Lawrence reinforces this thinking with his own opinion of leadership and fatherhood. “The similarities between the role of the father and a leader at work is to facilitate,” he adds.
“You know the type of culture that’s there in your environment, so you have to facilitate the right culture and atmosphere. That’s what I applied both at work and in my family.”
Leadership by example
The traditional archetype of a working father is that he grinds and hustles all day at work to provide for his family, sometimes to the detriment of the quality time he spends at home with them. Fortunately, these leaders know full well that those days are over. Having a healthy home life is far more gratifying than success—even if sometimes it could risk the bottom line.
“I’ve been traveling for most of my career, and I learned that moments are very important,” says Jerry. “I always try to be there. And I keep telling my team, if there’s a conflict between you and your family, you should just choose your family.”
He ties this back to his belief that what you do is what your children will learn to do when they get older. Fathers, whether they like it or not, whether they’re aware of it or not, will leave behind patterns and behaviors that their children subtly imbibe. This translates to team members and mentees, especially those aspiring to take on leadership positions in their own careers.
“Your nonverbal communication is equally important as your verbal ones,” he adds. “Children have a way of mimicking how you behave. For example, if you treat your wife well, there’s a better chance that your children will treat their partners like that. Those kinds of things, you don’t directly teach.”
Lawrence seconds this, but also adds that it’s okay to have fun, even when the responsibilities of a father can be intimidating. “Just be yourself. When you do, hopefully they see that and they’ll do the same,” he suggests.
Martin has an even more understanding take on this lesson, a thinking honed by years of friendship with his kids.

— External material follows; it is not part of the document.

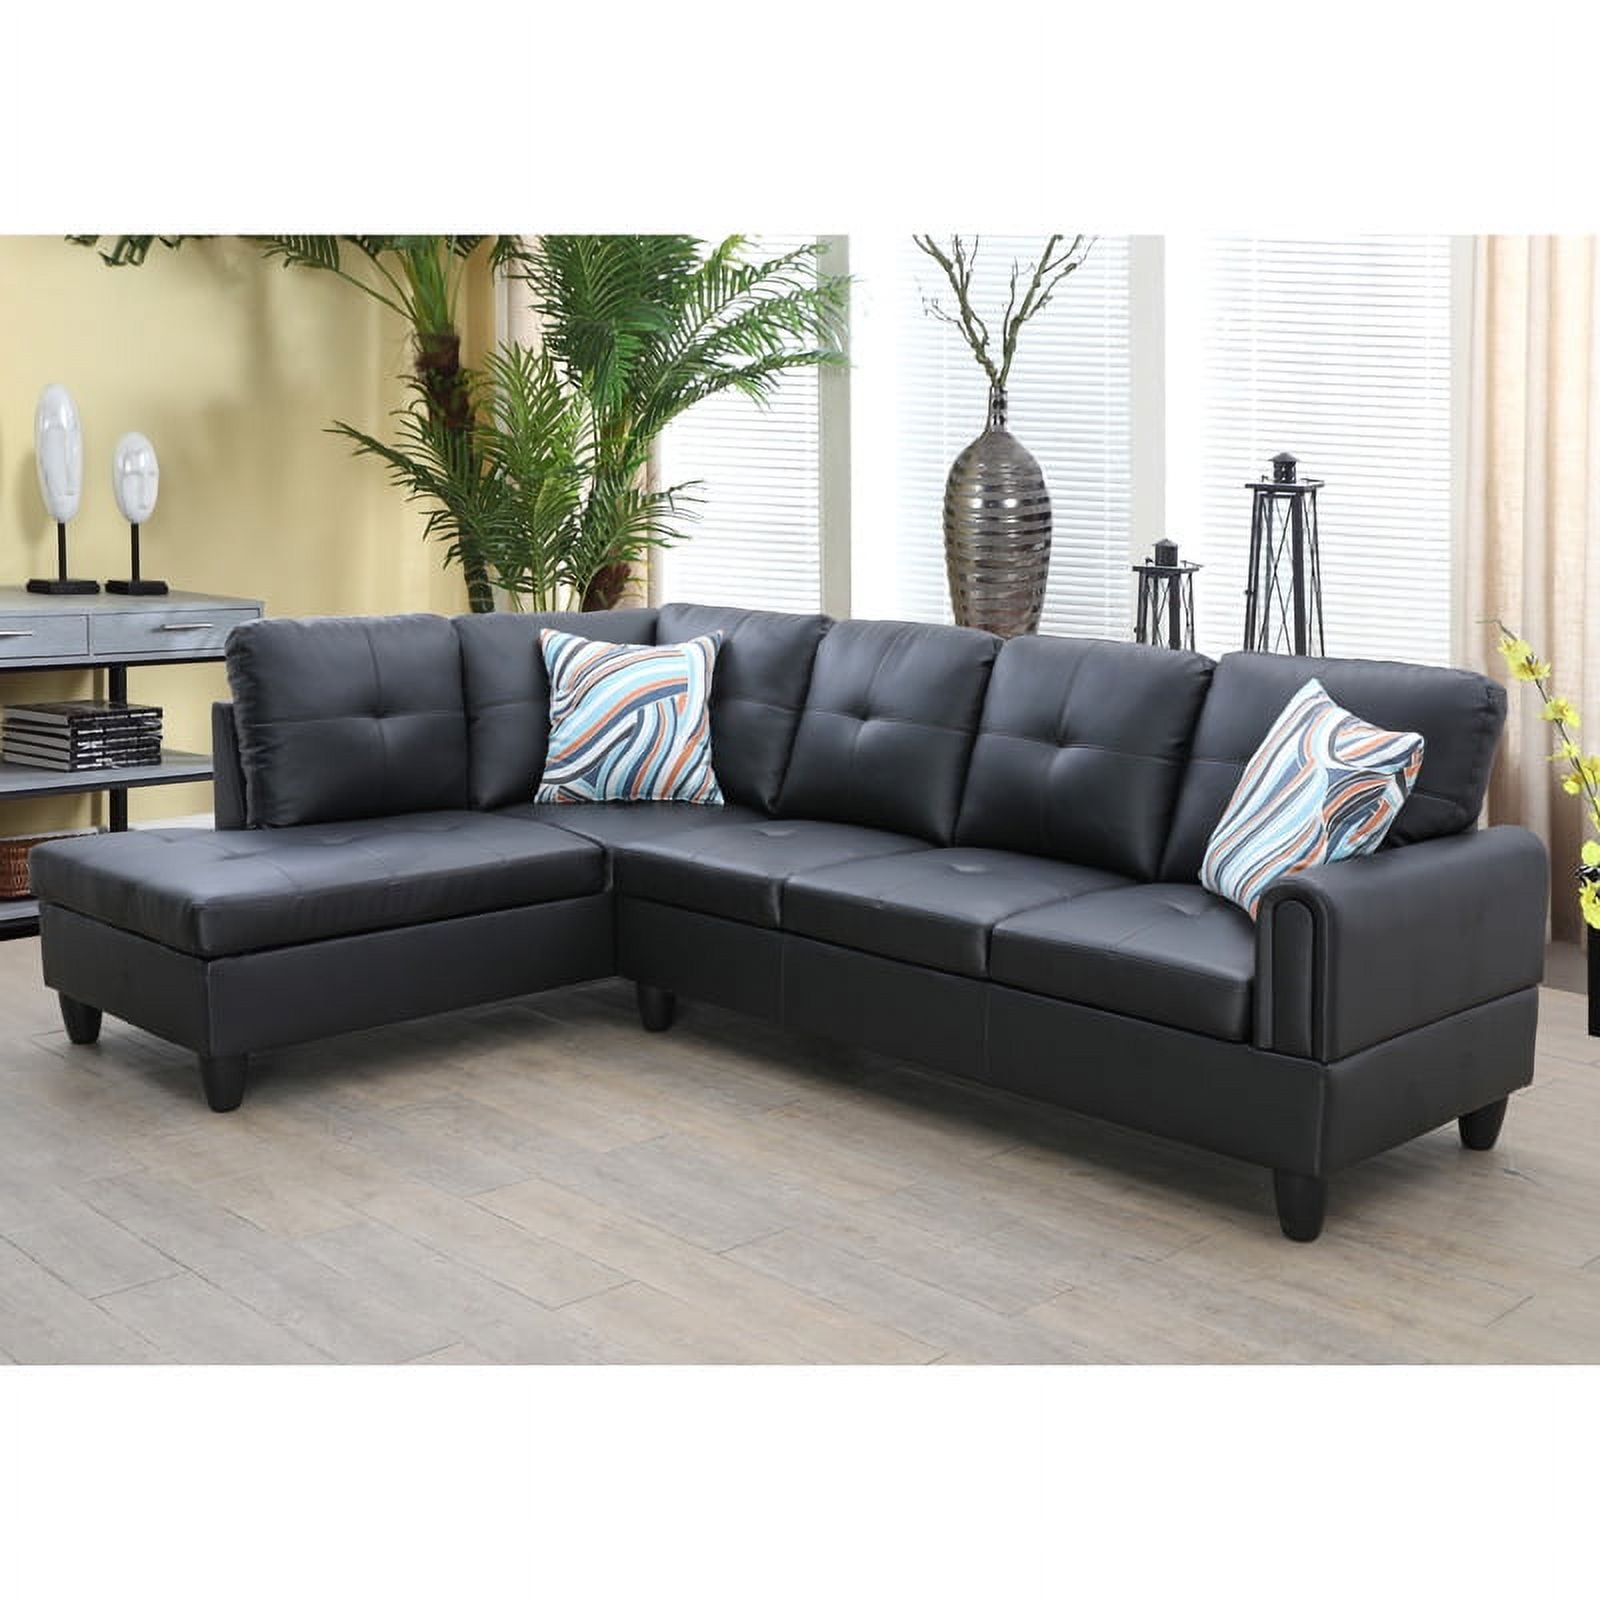 Hommoo Faux Leather 3 Piece Couch Living Room Sofa Set, L Shaped Couch For  Small Space, Black(Without Ottoman) – Walmart With 3 Piece Leather Sectional Sofa Sets (Photo 8 of 15)

“You can’t force your ideas and set your own principles or standards on them,” he says. “They will decide on their own. You can try to guide them through example or let them learn themselves. But you have to be around them, too, and catch them when they make a mistake.”
With empathic and compassionate yet driven leaders such as Jerry, Lawrence, and Martin, it’s safe to say that their “children” that they lead in EastWest are assured of mentors that can guide them to achieve their—and the bank’s—boundless potential.